Genomic distribution of barrier regions

Our analysis of the 82 barrier windows from C. henryi var. henryi revealed that the number of barrier regions decreased with increasing recombination rate (F-statistic = 11.85, P < 0.00059), implying that barrier loci may tend to concentrate in genomic regions with low recombination rates. The concentration of barrier loci may render an increase in the density of selection against maladaptive immigrant alleles in regions with low recombination rates and may further lead to the correlation between H and recombination rates (Fig. 3a).

Annotation of barrier regions

In candidate barrier genomic regions, 466 protein coding genes were found and two of them (bl_011844 on chromosome c2; bl_014924 on chromosome c8) could be aligned to flowering-time genes in the FLOR-ID database47. The bl_011844 gene was aligned to the SIZ1 gene, whose product acts as a floral repressor that can repress the SA-dependent pathway and promote FLC expression by repressing FLD activity through sumoylation47,48. The bl_014924 gene was aligned to JMJ14, whose product can inhibit the floral transition by repressing the floral integrators FT, AP1, SOC1 and LFY through histone H3K4 demethylation47,49.

Discussion

The present study produced strong genomic evidence for the hypothesis that C. henryi var. omeiensis originated from hybridization between C. mollissima and C. henryi var. henryi, providing an opportunity to search for potential correlations between candidate barrier genomic regions and traits responsible for RI. The genomic variation identified in C. henryi var. omeiensis supported its independent evolutionary status (Fig. 1).

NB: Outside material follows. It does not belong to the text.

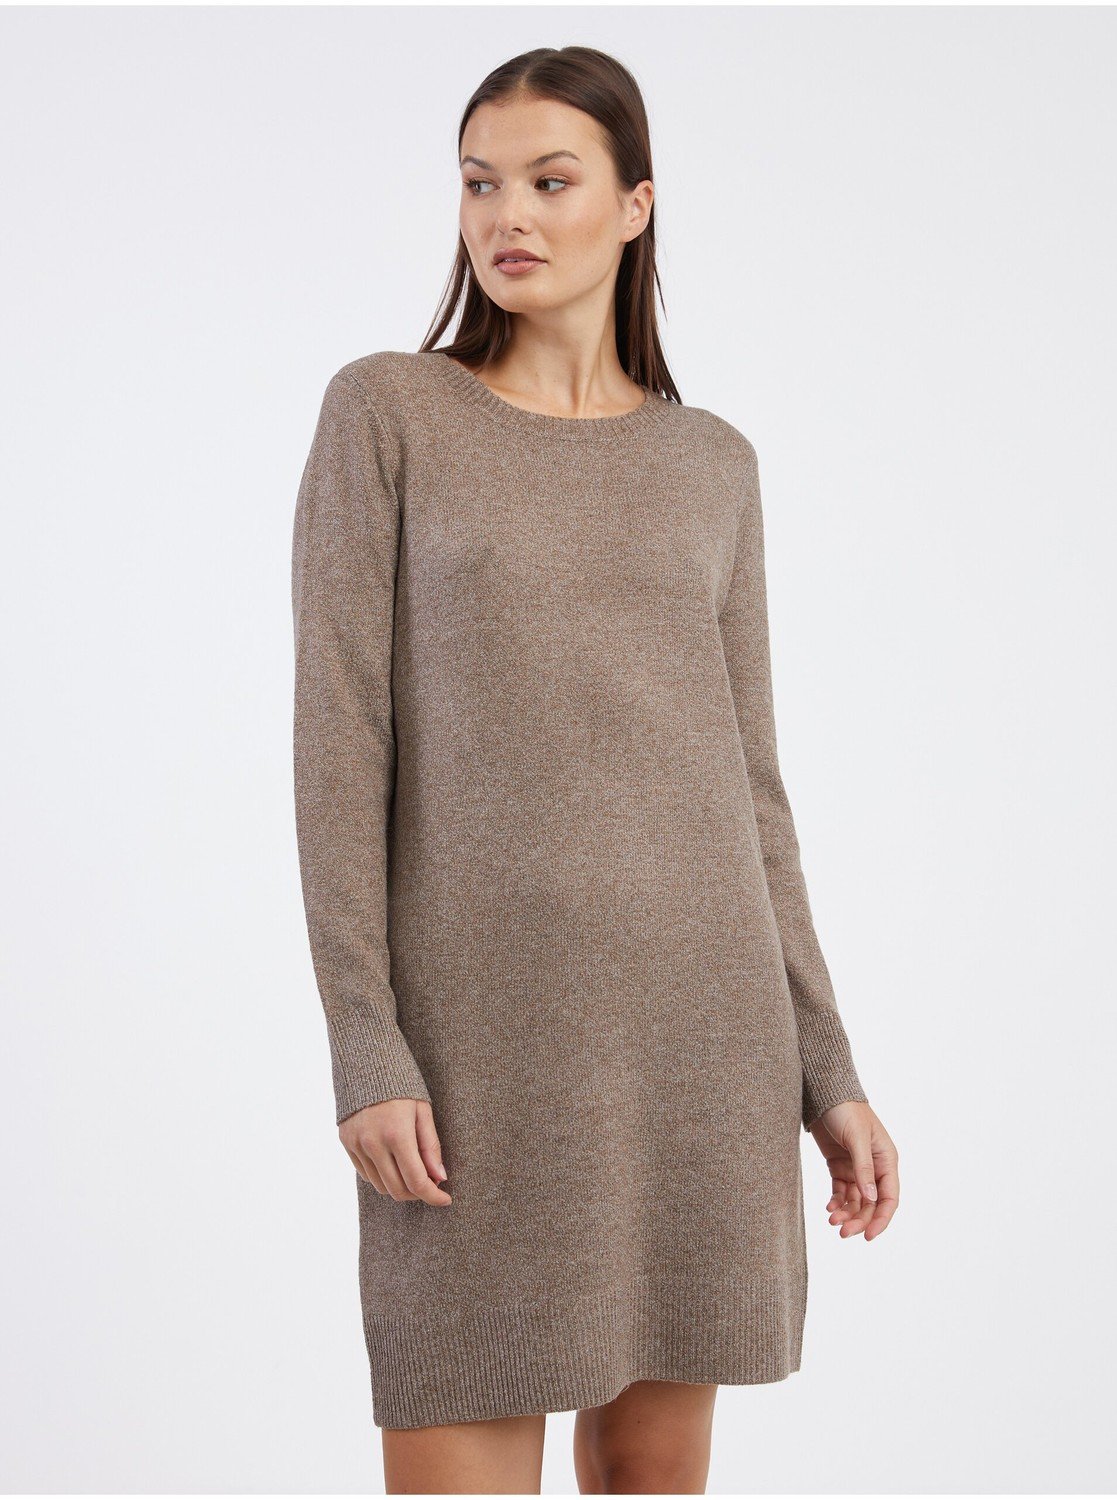 Hnědé dámské žíhané svetrové šaty ONLY Rica - Dámské

The simulation-based test and HyDe analysis of population genomic variation showed that C. mollissima and C. henryi var. henryi contributed substantial material to the gene pool of C. henryi var. omeiensis (Fig. 2), meeting the genomic mosaicism criteria for HHS10. Moreover, we identified some candidate barrier genomic regions (Fig. 3), supporting a polygenic barrier model. Barrier effects in candidate regions separating C. mollissima and C. henryi var. henryi would continue to exclude unfit mixed alleles from C. henryi var. omeiensis. That is, the hybrid lineage has inherited preexisting genetic barriers from its two parents, supporting the HHS hypothesis for C. henryi var. omeiensis. In particular, our analyses captured the reduction of migration in candidate barrier genomic regions by utilizing phylogenetic control. Our study highlights the importance of using phylogenetic information in identifying molecular segments involved in RI.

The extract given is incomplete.